Hi Sérgio.

What Simon (& I, in my blog post) suggested is that to test the 'normality assumption' you need to first transform the residuals with the inverse Cholesky decomposite matrix. This will give you a vector in which the values should be normal & independent (assuming that the correlation structure of the residuals is properly given by the tree). However these values are no longer associated with species(!) so they cannot be used in subsequent among-species analyses. So, basically, yes - you should use the residuals before transformation in cross-species analyses (for instance, as 'size corrected' trait values); however you need to remember that they are still phylogenetically correlated. I hope that's clear enough.

All the best, Liam

Liam J. Revell, Assistant Professor of Biology
University of Massachusetts Boston
web: http://faculty.umb.edu/liam.revell/
email: [email protected]
blog: http://blog.phytools.org

On 6/18/2015 6:16 AM, Sergio Ferreira Cardoso wrote:
Hello again,

Thanks for your help. This kind of solved my problem. I normally use
some kind of test (shapiro or komolgorov) to test for normality. I know
histograms or qqnorm plots a more helpful, but they are more
"vulnerable" to each others interpretation.
So, just to make clear one thing: these kind of analysis of the residual
error
(http://blog.phytools.org/2013/02/a-comment-on-distribution-of-residuals.html)
has nothing to do with phylogenetic residuals taken from a regression
(in order to obtain relative values - size-correction as in Revell, L.
J. (2009). Size‐correction and principal components for interspecific
comparative studies. Evolution, 63(12), 3258-3268.). So even if
residuals from a PGLS aren't normal, this means I can still use them as
size-corrected values for a certain trait, correct?
Once again, thank you very much for your advices.

Best regards,
Sérgio.

2015-06-18 4:56 GMT+01:00 Simon Blomberg <[email protected]
<mailto:[email protected]>>:

    Hi Sérgio.

    Liam is right. But we do expect the normalised residuals to be
    approximately Normal. You can calculate the normalised residuals by
    pre-multiplying the raw residuals by the inverse of the Cholesky
    decomposition of the phylogenetic variance-covariance matrix, and
    then dividing by the estimate of the residual standard deviation (ie
    sigma). You may have to plug in a value for any parameters that are
    co-estimated along with the regression (Pagel's lambda, etc.). If
    you use the gls function in the nlme package to fit your model, then
    it's all easy:

    fit <- gls(response~explanatory, correlation=corPagel(1,
    phy=my.tree), data=dat))
    res <- residuals(fit, type="normalized")
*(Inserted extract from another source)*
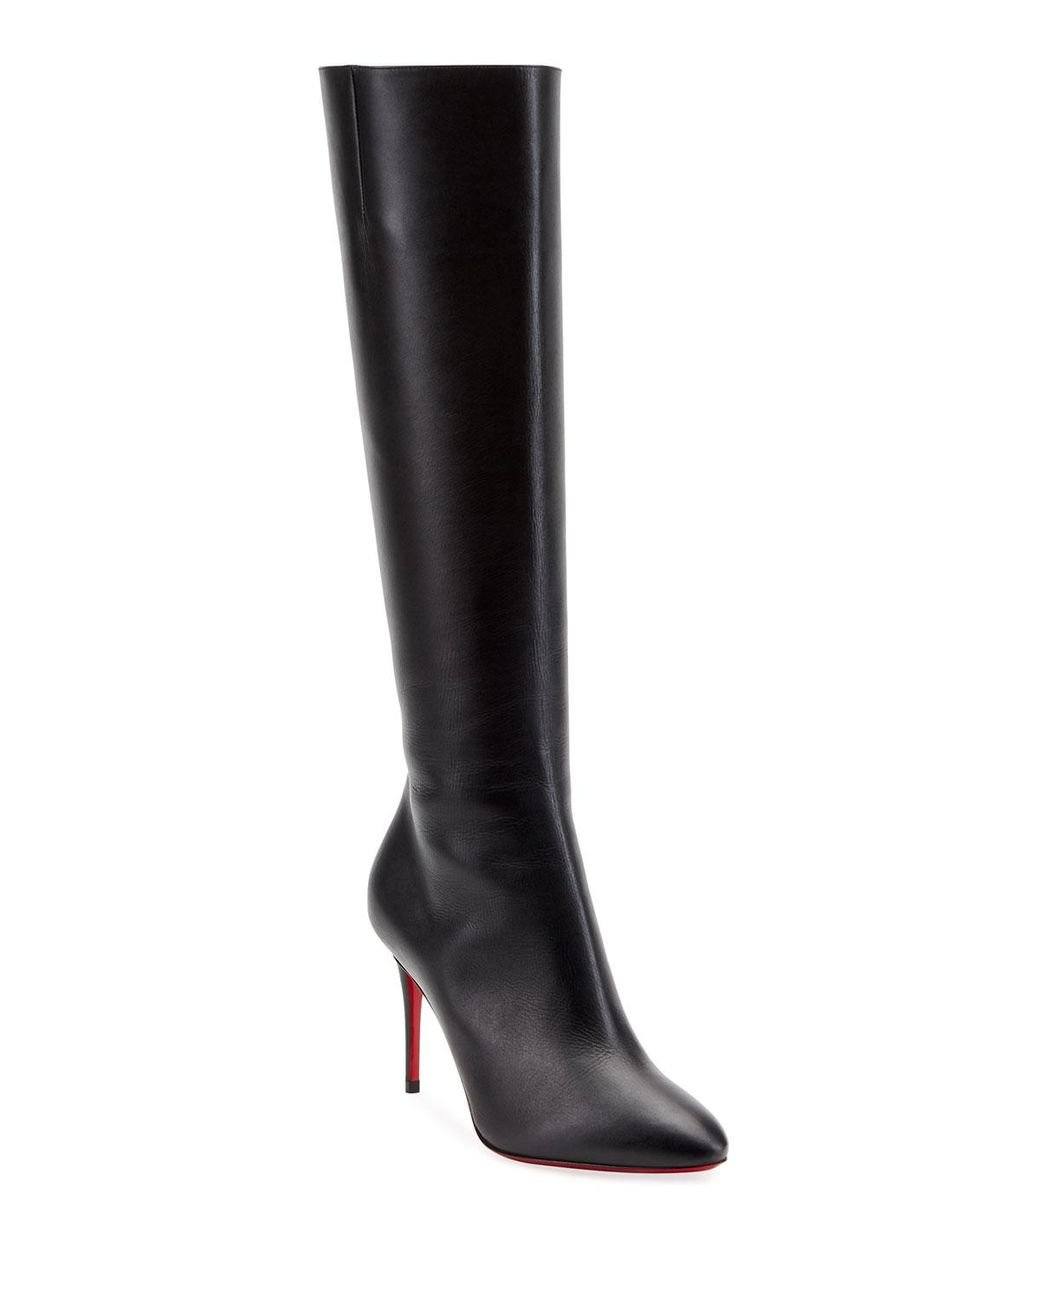 wholesale dealer 58b19 62e36 Women's Black Eloise Botta Red Sole Boots

    Then you can do some test for normality on those (I don't ordinarily
    recommend such things, although
    SnowsPenultimateNormalityTest in the TeachingDemos package is the
    best I have seen). More usefully, you can do a normal
    quantile-quantile plot to graphically see whether your normalised
    residuals are normal enough:

    qqnorm(fit, form=~residuals(., type="n"), abline=c(0,1))
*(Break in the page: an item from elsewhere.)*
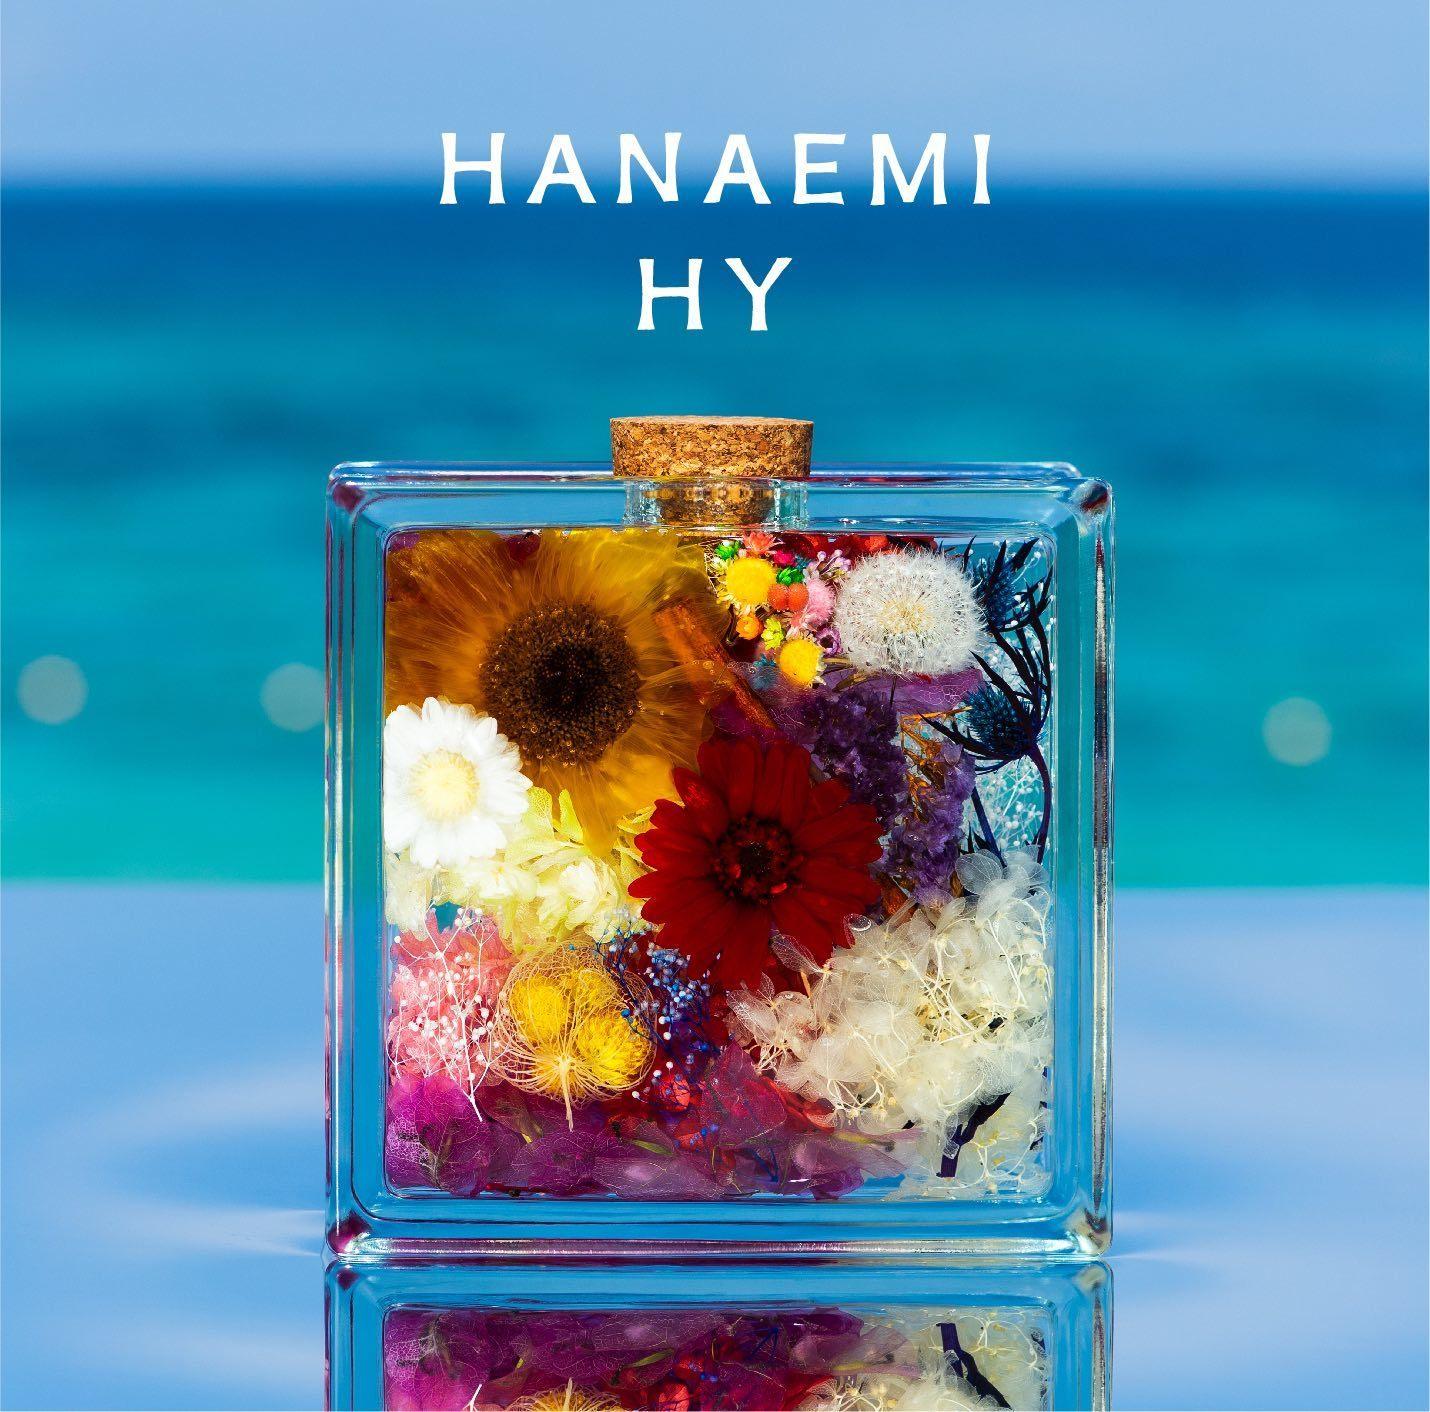 Hy_hanaemi_jk_%e9%80%9a%e5%b8%b8%e7%9b%a4%e3%81%ae%e3%82%b3%e3%83%92%e3%82%9a%e3%83%bc2

    See page 239 in Pinheiro and Bates (2000) Mixed-effects models in S
    and S-PLUS.

    Cheers,

    Simon.


    On 18/06/15 03:09, Liam J. Revell wrote:

        Hi Sérgio.

        It might be worth pointing out that we do not expect that the
        residuals from a phylogenetic regression to be normal. I
        described this with respect to the phylogenetic ANOVA on my blog
        
(http://blog.phytools.org/2013/02/a-comment-on-distribution-of-residuals.html),
        but this applies equally to phylogenetic regression.
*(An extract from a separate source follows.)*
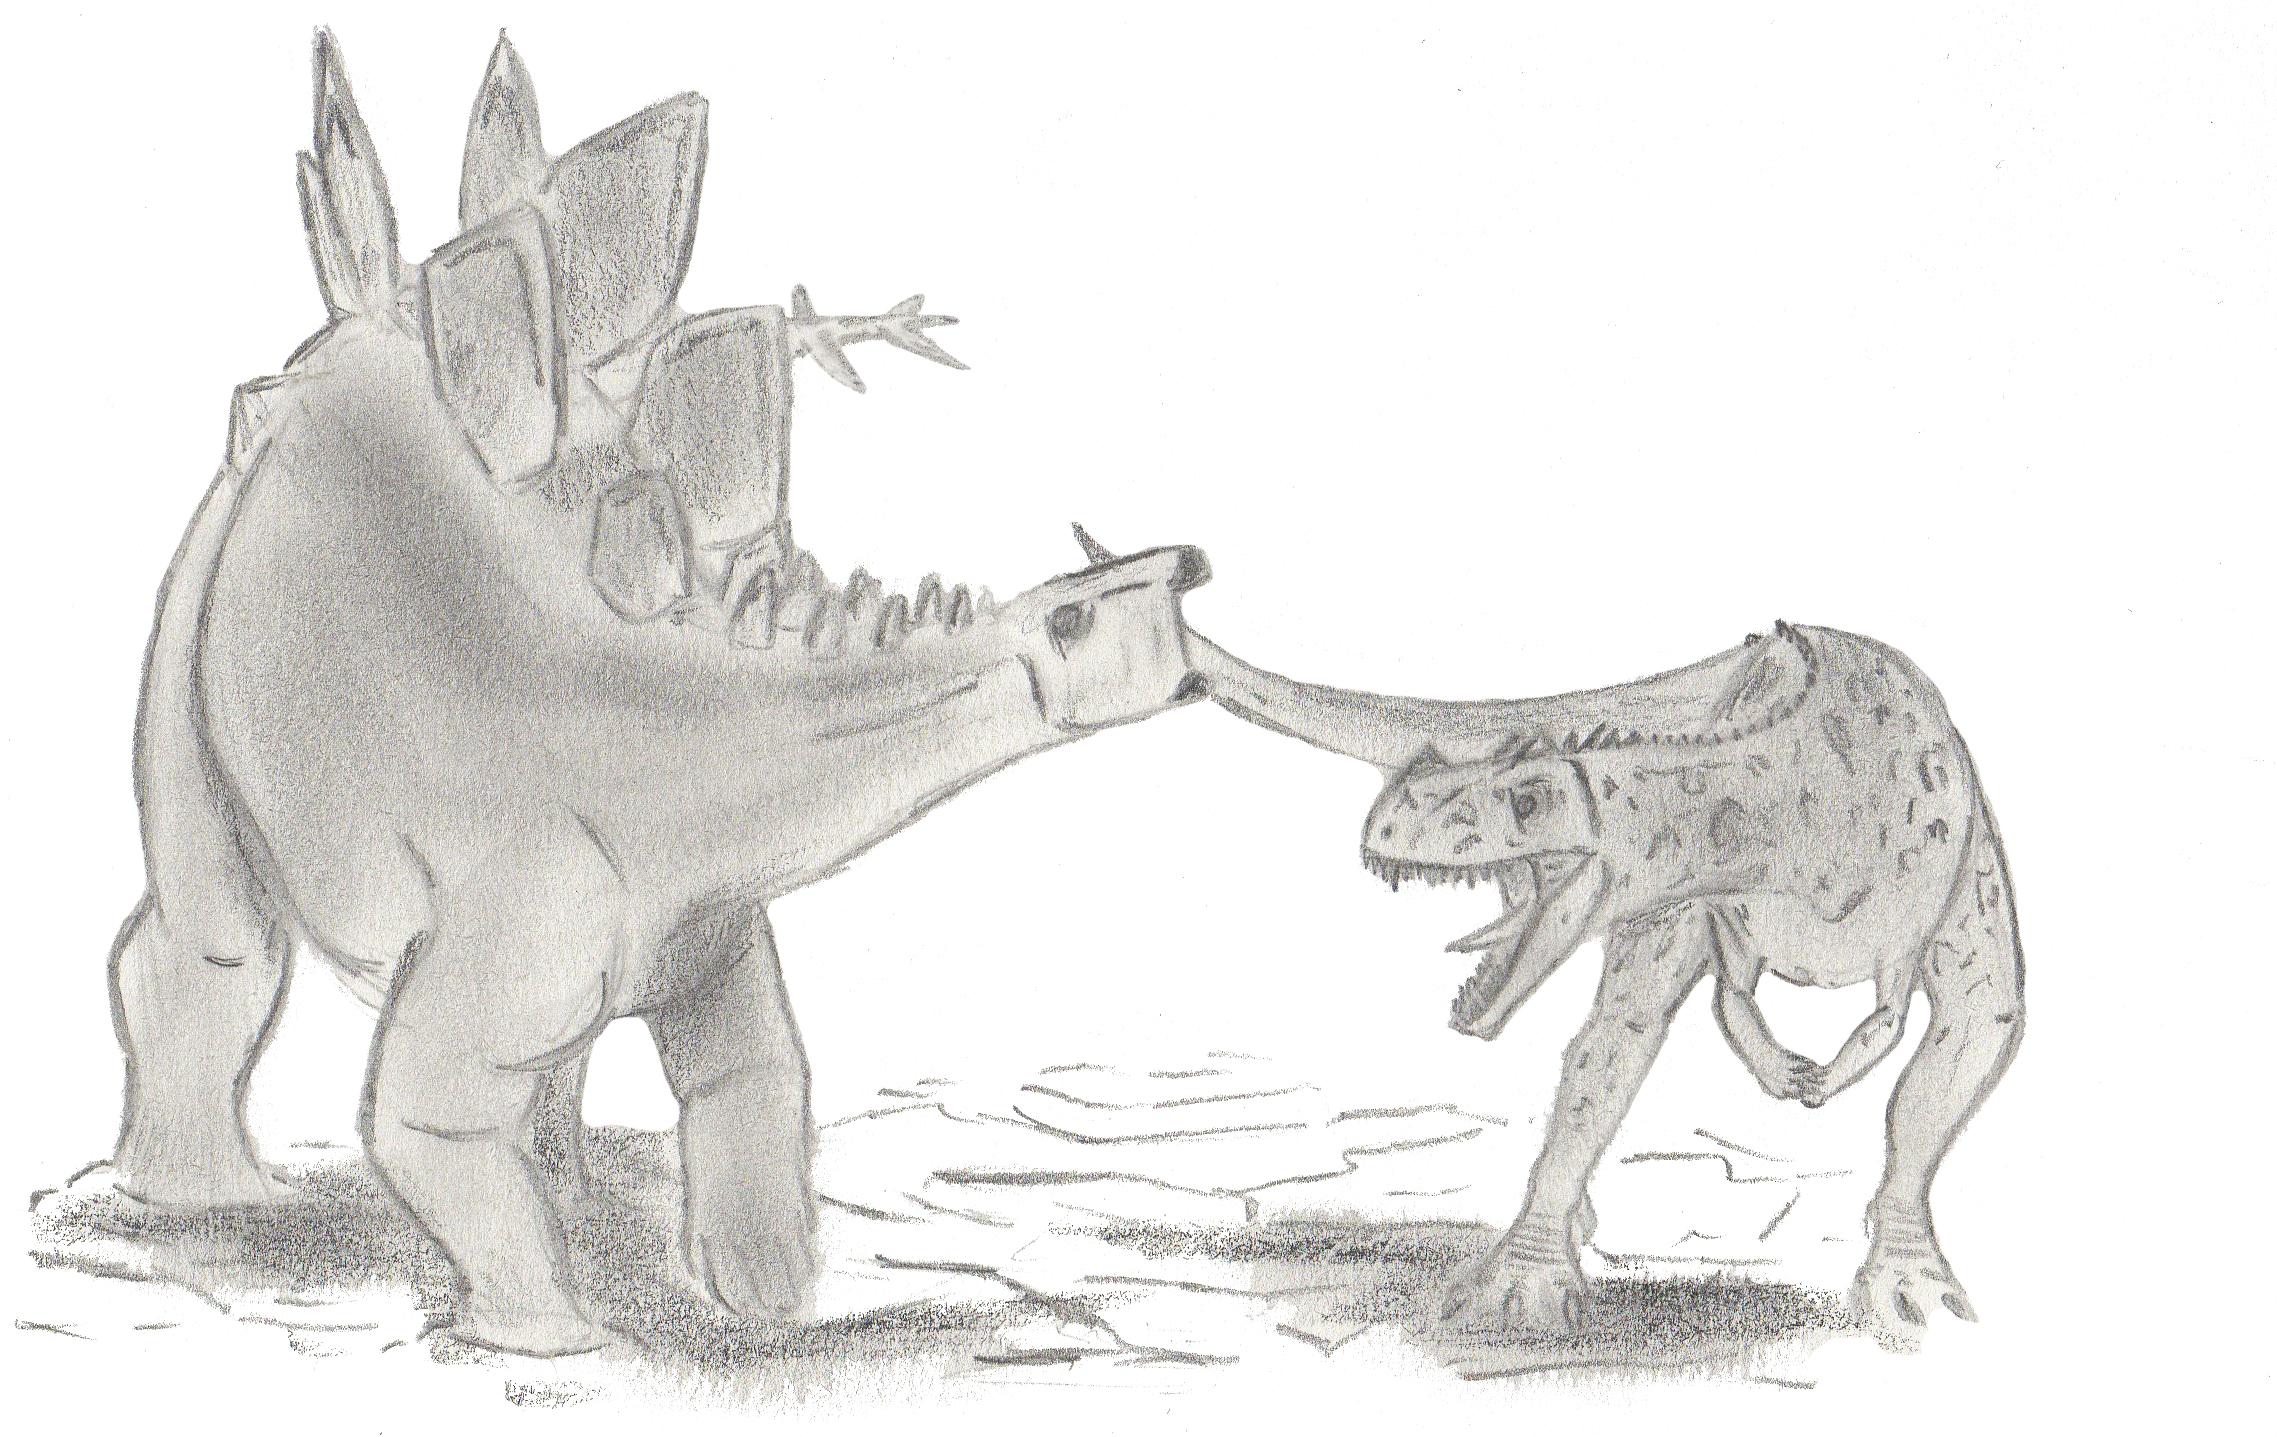 Archivo:Stegosaurus et Ceratosaurus.jpg - Wikipedia, la enciclopedia ...

        All the best, Liam

        Liam J. Revell, Assistant Professor of Biology
        University of Massachusetts Boston
        web: http://faculty.umb.edu/liam.revell/
        email: [email protected] <mailto:[email protected]>
        blog: http://blog.phytools.org

        On 6/17/2015 12:40 PM, Sergio Ferreira Cardoso wrote:

            Hello all,

            I'm having a problem with a Multiple Regression PGLS
            analysis that I'm
            performing. The residuals are not normal and it's difficult
            to bring them
            to normality. In these cases, are there any alternatives to
            the linear
            model? I know that for non-phylogenetic analyses other
            models exist, but is
            there any alternative method for phylogenetic analysis?
            Thanks in advance.

            Best regards,
            Sérgio.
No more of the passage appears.